Non  sarà così però a Intesa Sanpaolo, dove l’ottantenne Giovanni Bazoli resterà in sella, fortemente difeso e voluto dal quasi coscritto Giuseppe Guzzetti, l’inossidabile deus ex machina della Fondazione Cariplo e dell’Acri, l’associazione che riunisce le Fondazioni e le Casse di Risparmio. Bazoli ha guidato tutte le tappe che hanno portato alla nascita di Intesa, fin dai tempi Banco Ambrosiano, era il 1982.  Tra gli esempi di “longevità” professionale comunque non c’è che l’imbarazzo della scelta tra Carige (il presidente Giovanni Berneschi ha 76 anni), Unicredit (Giuseppe Vita è nato nel 1935)  o il Credito Emiliano della famiglia Maramotti con Giorgio Ferrari (classe 1933).  Tra gli amministratori delegati, i più agée sono invece Pier Francesco Saviotti, che guida il Banco Popolare con i suoi 71 anni dopo averlo tirato fuori dal buco creato da Italease, e con la medesima età Tommaso Cartone del Banco Desio. La squadra degli ottuagenari che reggono le sorti delle Fondazioni è invece, guidata da Dino De Poli (Cassamarca), Antonio Finotti (Cariparo) e Flavio Repetto (Carige) cui si aggiungono distanziati di una incollatura Guzzetti e Antonio Maria Marocco (Fondazione Crt) con le loro 79 primavere. Seguono Fabio Roversi Monaco (Fondazione Carisbo) e Paolo Biasi (Fondazione Cariverona), entrambi 75enni, mentre Giuliano Segre di Fondazione Venezia ha 73 anni. Il presidente della Compagnia di San Paolo ed ex sindaco di Torino, Sergio Chiamparino, è invece tra i più giovani con i suoi 65 anni di età.

Per farsi un’idea basta qui ricordare che i presidenti delle tedesche Deutsche Bank e Commerzbank hanno rispettivamente all’attivo 57 e 67 candeline, contro le 64 del capo della francese Crédit Agricole o le 50 di quello della connazionale Société Générale, travolta pochi anni fa dallo scandalo Kerviel. E il discorso non cambia molto per l’elvetica Ubs o il colosso statunitense Jp Morgan.
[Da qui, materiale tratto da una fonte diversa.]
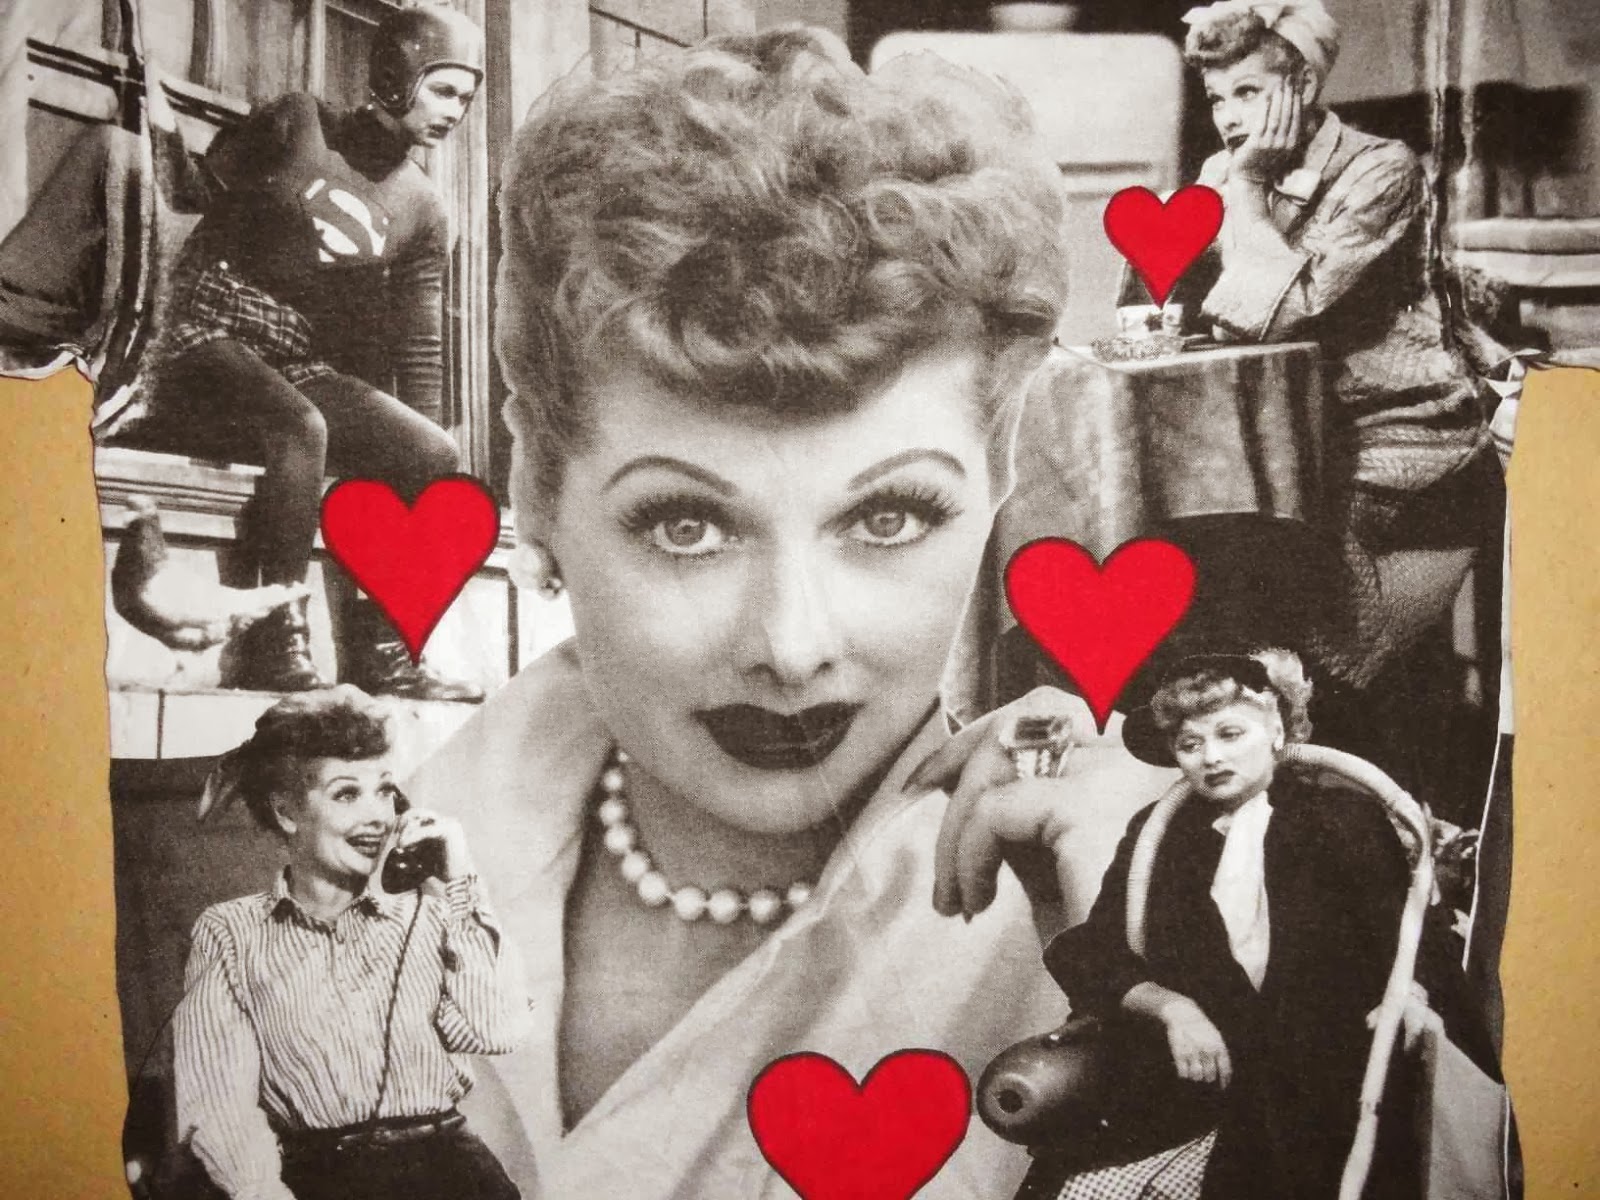 I Love Lucy Wallpaper Gallery

Per quanto riguarda invece i più “operativi” capi azienda, sia Commerzbank sia Bnp Paribas sia Barclays che Ubs si affidano a cinquantenni.  Alza invece la media Deutsche Bank (65 anni).
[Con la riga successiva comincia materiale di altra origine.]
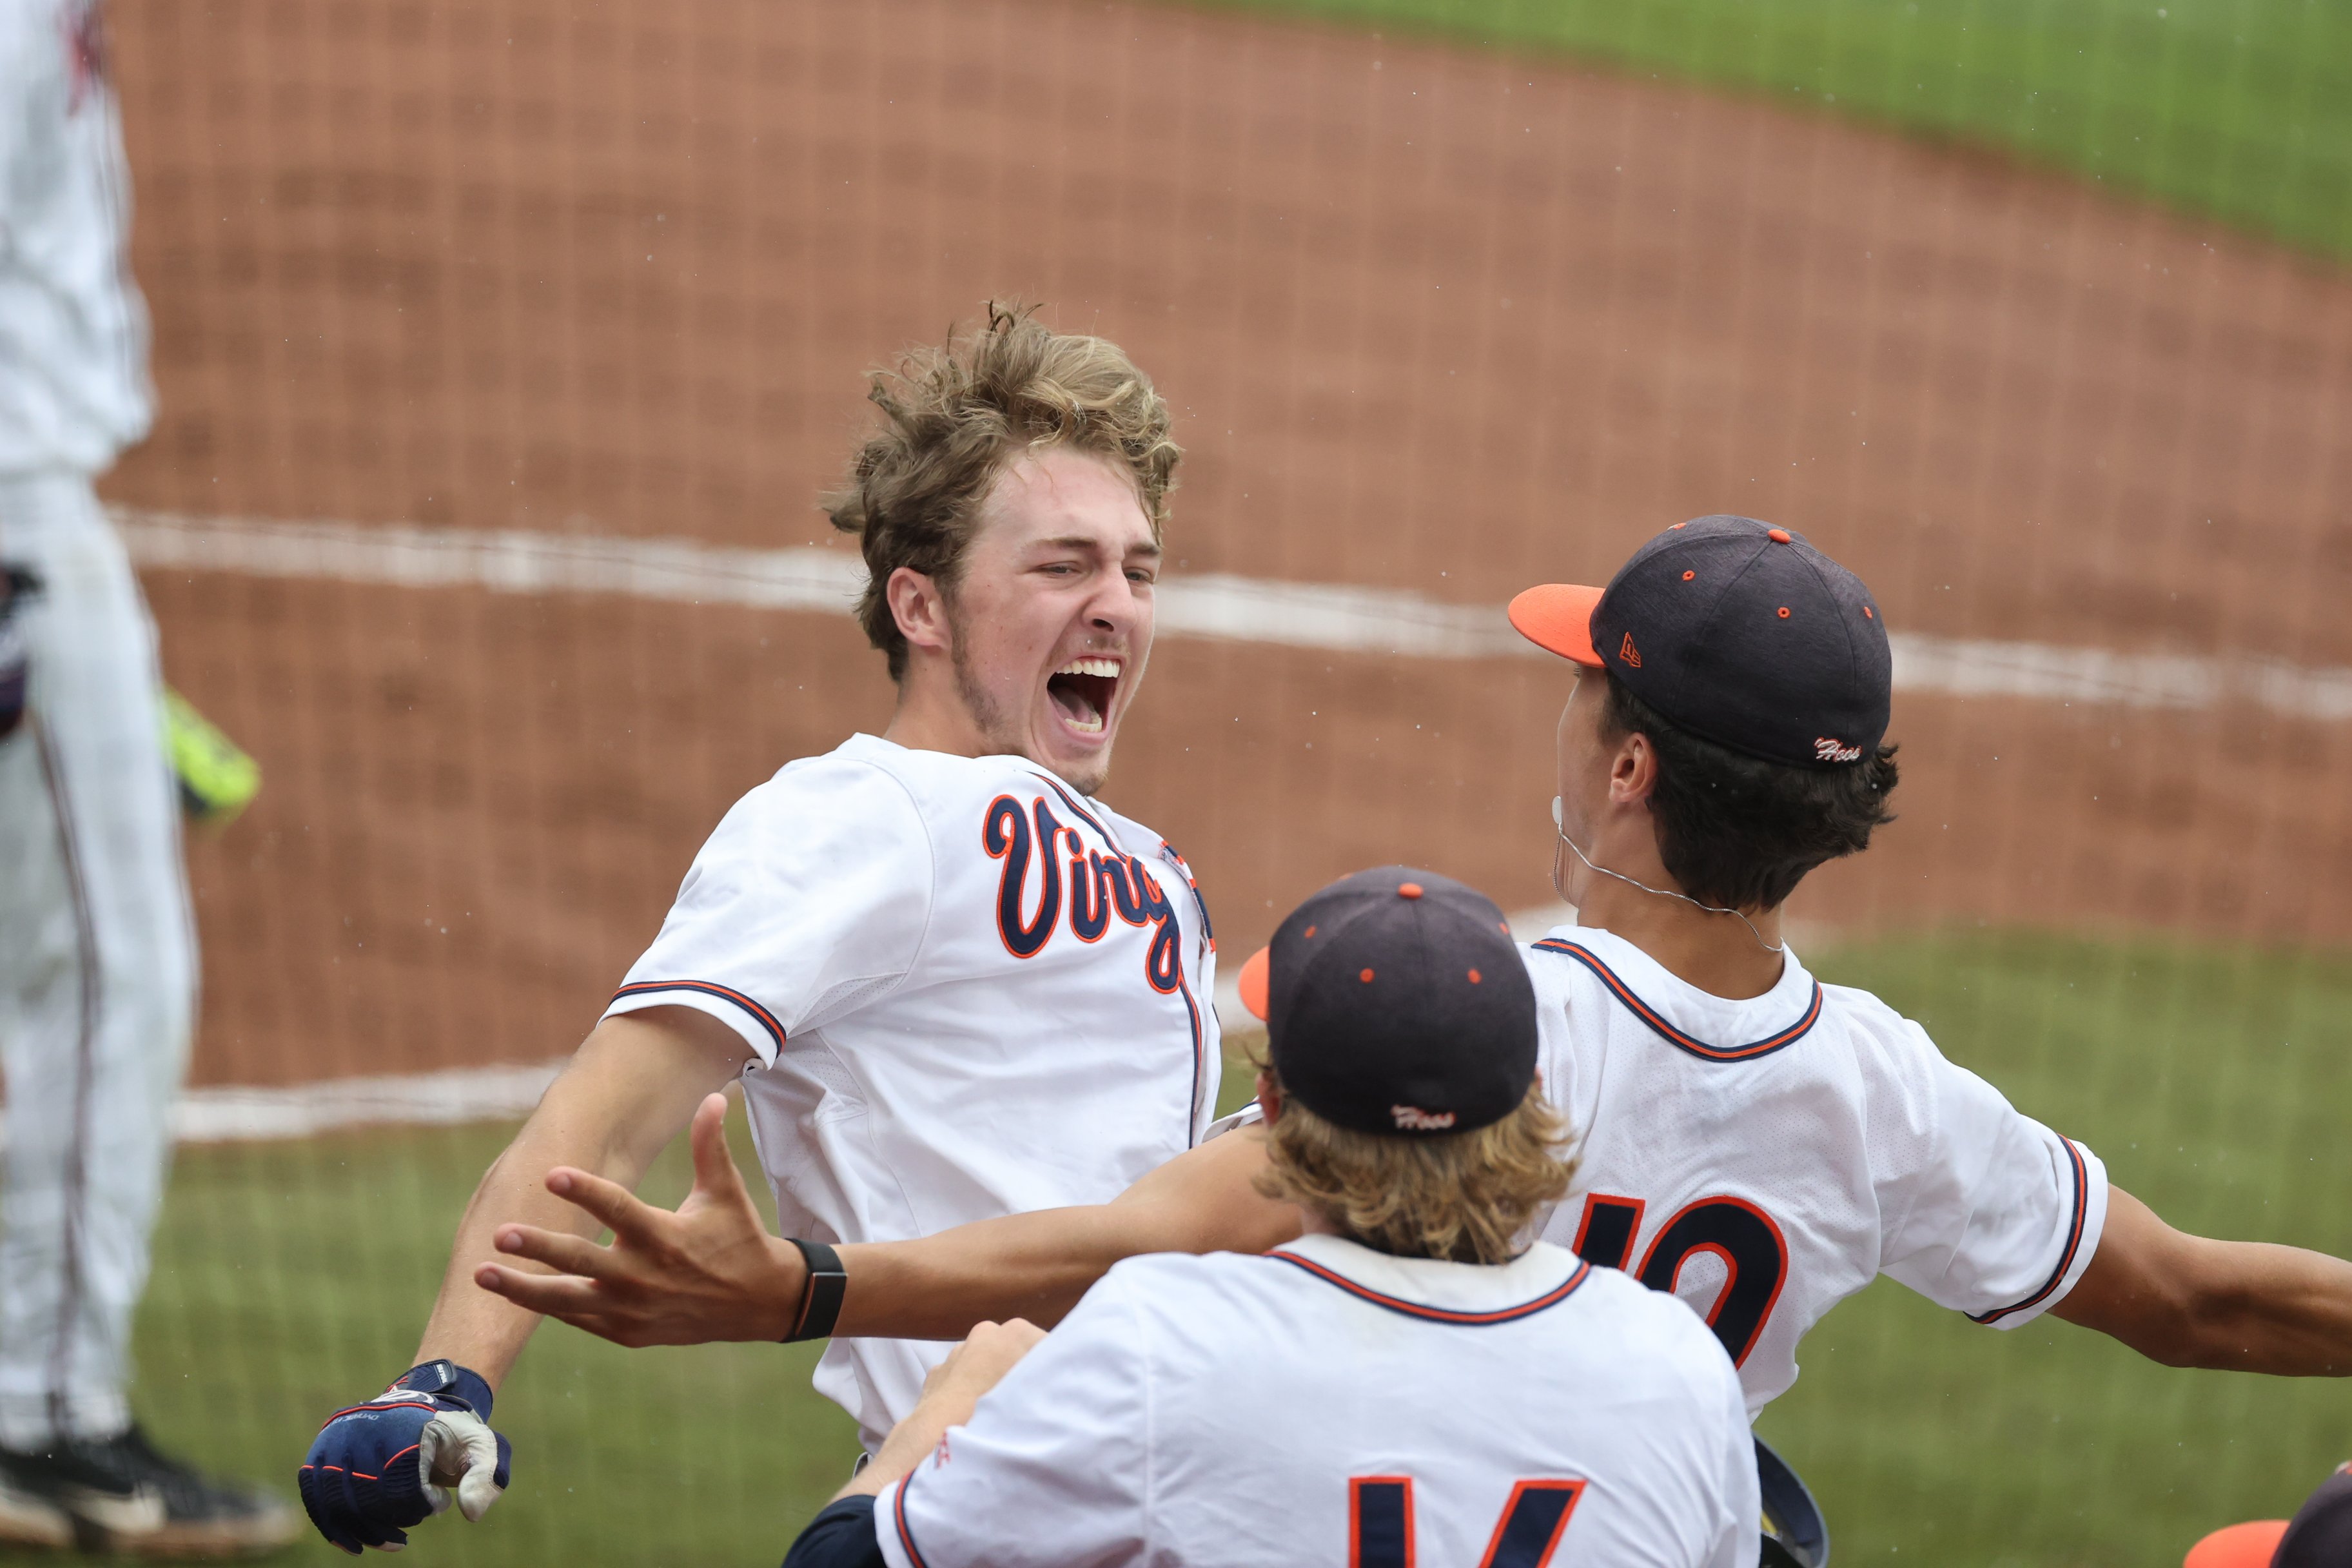 Virginia is headed to the Super Regional round for the seventh time.

Ma eccovi la tabella dell’ufficio studi Uilca:

La ricerca stigmatizza poi la situazione delle quote rosa: nessuna donna figura tra i presidenti e i ceo delle banche, solo 3 su 68 sono presidenti di Fondazioni bancarie. È invece in via di correzione la voce dell’altra metà del cielo in cda, grazie alle prossime tornate elettorali. Solo tre le donne alla presidenza di una Fondazione: Ancilla Tombolini (Loreto), Donatella Vigna (Bra) e Milena Cariani (Cento).